There’d been Hogswatch parties, too, when he was a little boy. They’d always follow a certain pattern. Just when all the children were nearly sick with excitement, one of the grown-ups would say, archly, ‘I think we’re going to have a special visitor!’ and, amazingly on cue, there’d be a suspicious ringing of hog bells outside the window and in would come …
… in would come …
The Bursar shook his head. Someone’s grandad in false whiskers, of course. Some jolly old boy with a sack of toys, stamping the snow off his boots. Someone who gave you something.
Whereas tonight …
Of course, old Windle probably felt different about it. After one hundred and thirty years, death probably had a certain attraction. You probably became quite interested in finding out what happened next.

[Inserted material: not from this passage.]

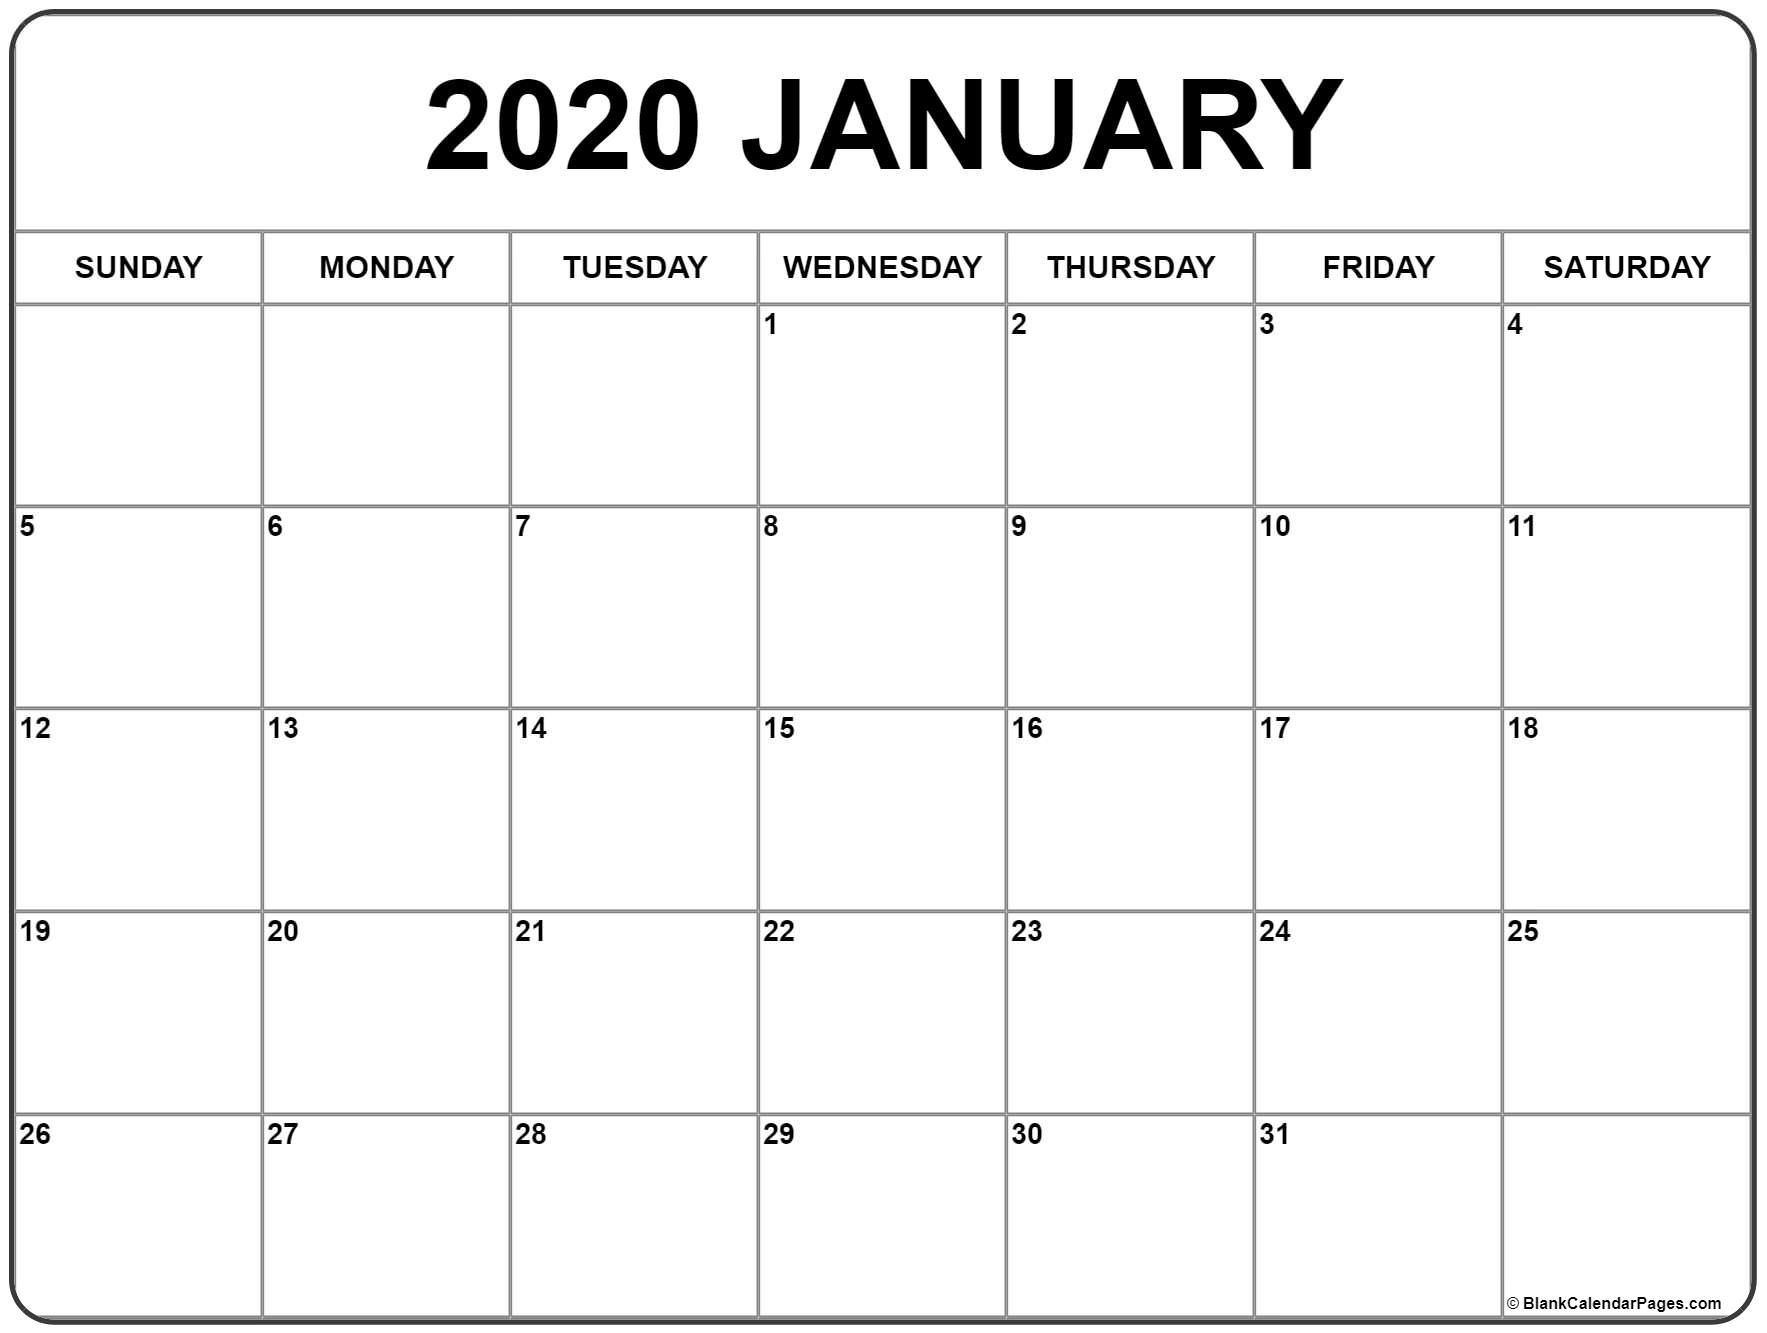 January 2020 Calendar | Free Printable Monthly Calendars-January 2020 Calendar Blank

The Archchancellor’s convoluted anecdote wound jerkily to its close. The assembled wizards laughed dutifully, and then tried to work out the joke.
The Bursar looked surreptitiously at his watch. It was now twenty minutes past nine.
2
At least, until the day they suddenly pick up a paperknife and carve their way out through Cost Accounting and into forensic history.